DataFrames and Series are quite similar in that many operations that you can do with one you can do with the other, such as filling in null values and calculating the mean.

### Creating DataFrames from scratch

Creating DataFrames right in Python is good to know and quite useful when testing new methods and functions you find in the pandas docs. There are *many* ways to create a DataFrame from scratch, but a great option is to just use a simple `dict`. 

Let's say we are working on a fulfillment project. We want to have a row for each customer and one colum for order and delivery amount each. To organize this as a dictionary for pandas we could do something like:

In [None]:
data = {
    'ordered': [3, 2, 7, 3], 
    'delivered': [0, 2, 4, 2], 
}
purchases = pd.DataFrame(data)
purchases

### Indexing DataFrames

Each *(key, value)* item in `data` corresponds to a *column* in the resulting DataFrame. The **Index** of this DataFrame was given to us on creation as the numbers 0-3, but we could also create our own when we initialize the DataFrame. 

Let's have customer names as our index: 

In [None]:
purchases = pd.DataFrame(data, index=['June', 'Robert', 'Lily', 'David'])
purchases

So now we could **loc**ate a customer's order status by using their name:

In [None]:
purchases.loc['June']

### Reading and writing CSVs
It’s quite simple to load data from various file formats into a DataFrame. With CSV files all you need is a single line to load in the data.

In [None]:
#load data from local file
#df = pd.read_csv("../../../tds2_data/data/purchases.csv")

# load data from website
df = pd.read_csv('https://raw.githubusercontent.com/GuntherGust/tds2_data/main/data/purchases.csv')
df

After extensive data preparation you likely want to save it as a file of your choice. Similar to the ways we read in data, pandas provides intuitive commands to save it:

In [None]:
df.to_csv('new_purchases.csv')

## Exercise: Change the index of the DataFrame `df` to the value in the `customer` column!

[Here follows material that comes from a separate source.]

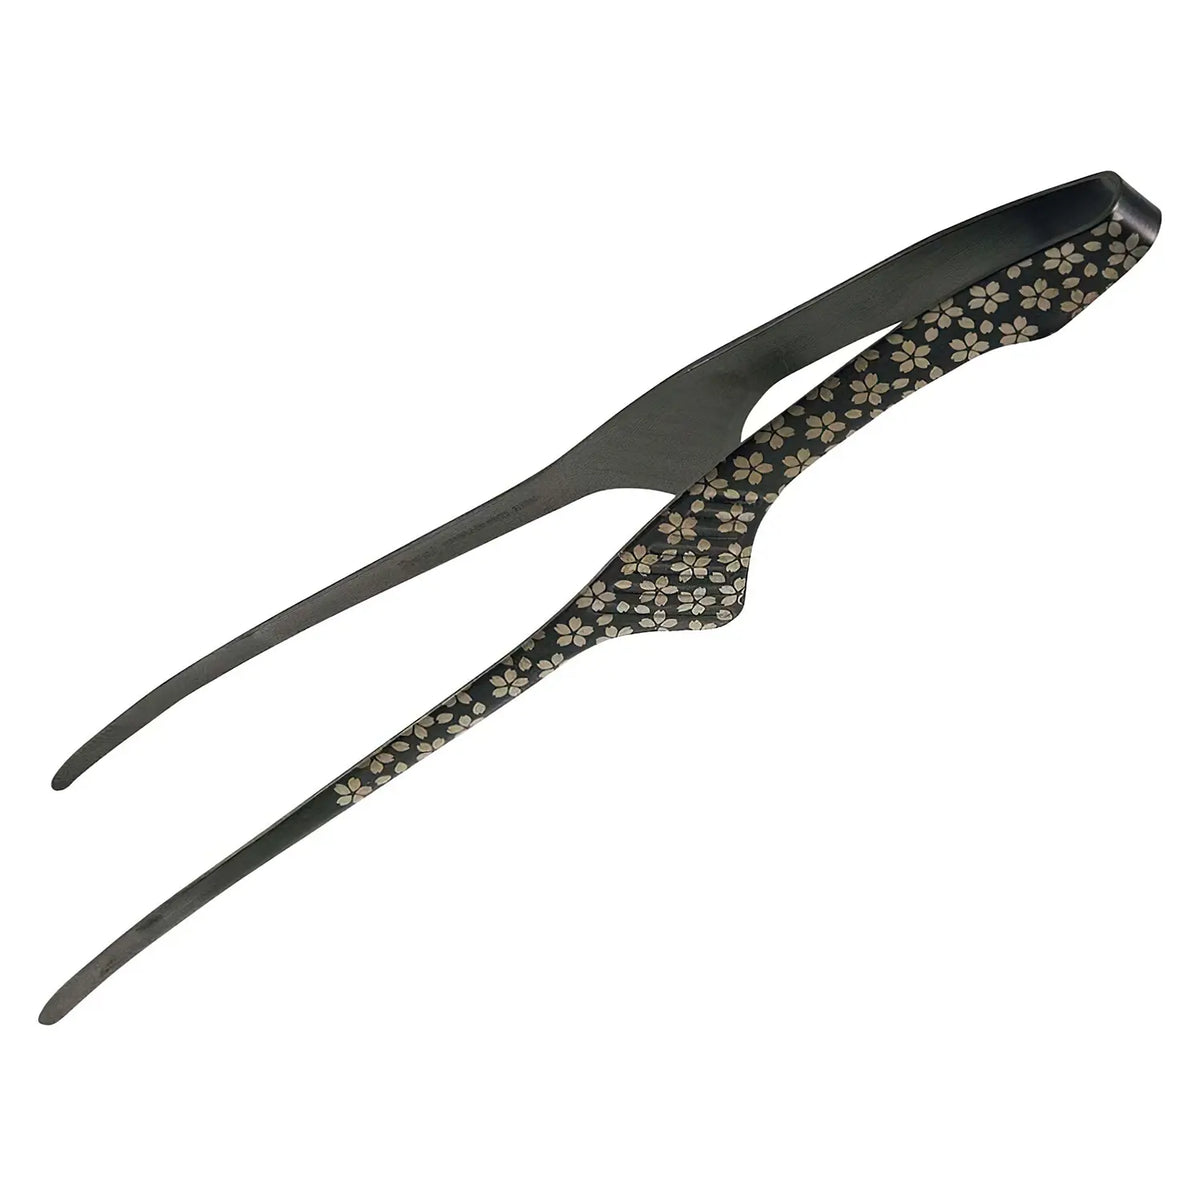 EBM Stainless Steel Clever Chopstick Tongs Black

Hint: To modify the index of an existing DataFrame `df` you may use `df.set_index()`.

In [None]:
#Your code here...


## Basic DataFrame operations: Viewing

DataFrames possess hundreds of methods and other operations that are crucial to any analysis. As a beginner, you should know the operations that perform simple transformations of your data and those that provide fundamental statistical analysis.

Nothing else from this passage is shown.